Neither of the couple is responsible for the ectopic pregnancy; it is just a mysterious quirk of nature. The pregnancy has to be terminated and this news brings grief to all concerned - the parents-to-be, other family members, relatives and friends. All the same, it is important that proper care is taken to ensure that the woman continues to remain healthy and fertile.
But before we go into the details of uncommon symptoms to watch out for, let us define an ectopic pregnancy, at least for the benefit of first-time pregnant women. When the egg is fertilized, it has to naturally implant itself in the uterus. In this case, it gets implanted either in the cervix or ovaries or fallopian tubes. The commonest 'outside place' for the fertilized ovum is the fallopian tubes; hence, another name for ectopic pregnancy is "tubal pregnancy".
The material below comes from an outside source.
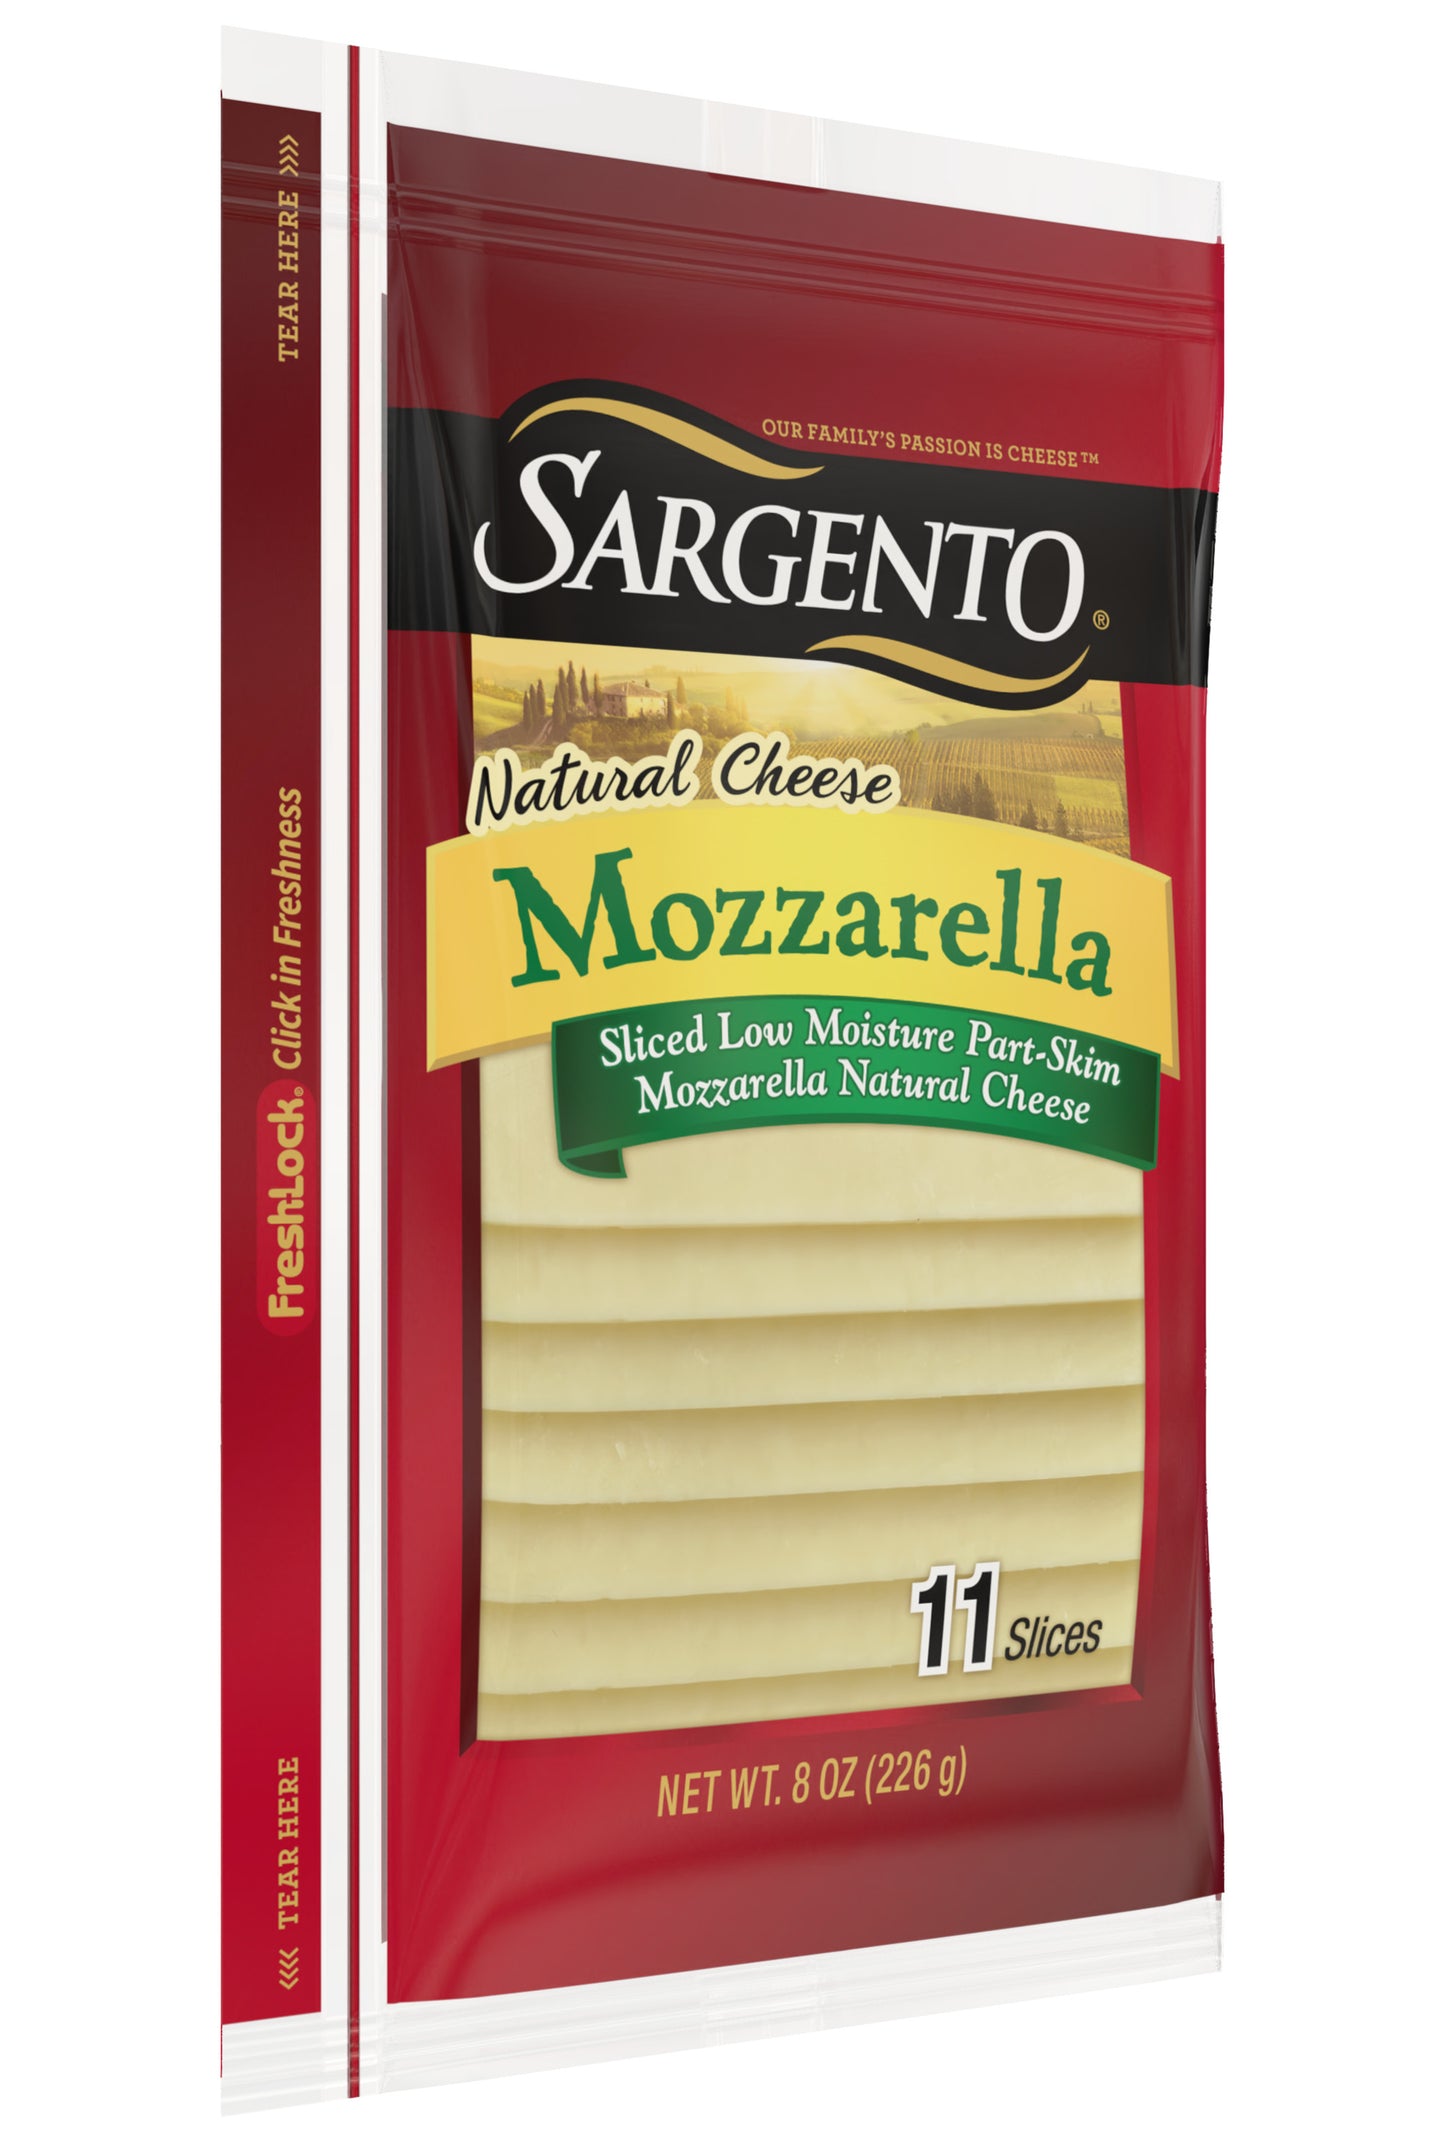 Sargento Sliced Mozzarella Natural Cheese, 11 Slices

This unusual condition can herald problems even before the woman is aware that she is carrying a child. For instance, she can experience such intense abdominal pain that she has to rush to a doctor for treatment. Other signs she can present with are low back pain, dizziness, and breakthrough bleeding or spotting. A sample of her urine is therefore taken to test for different hormones and chemicals present in the body. This is sufficient to reveal a positive pregnancy.
Now that the doctors know that the woman is pregnant, they have to look for the cause of her present symptoms. A pelvic exam is in the offing. An ultrasound can only be attempted after one and a half months or after six weeks. Of course, once the doctors suspect an ectopic pregnancy, the patient is put under close surveillance for they are well aware that the mother-to-be could lose her life if she is not careful, or possibly lose her fertility. A live birth is simply not possible! It is therefore imperative that close family members and friends understand the mother's agony and treat her with utmost respect.
As far as treatments go, the advancement of medical science has made ectopic pregnancy easier to deal with. Depending on how far advanced the pregnancy is, a suitable method of treatment is chosen.
If the problem is detected early, an injection is given to dissolve the fertilized egg; it is then reabsorbed into the woman's body. The reproductive organs are neither harmed nor scarred, ensuring that fertility is left intact. Surgery may be warranted for a long-term problem. Laser treatment is popular today as it can lessen the damage caused to the pregnant woman's body. Even after treatment, the patient's hormone levels are monitored for at least 3 months to ensure that no signs of an ectopic pregnancy have remained.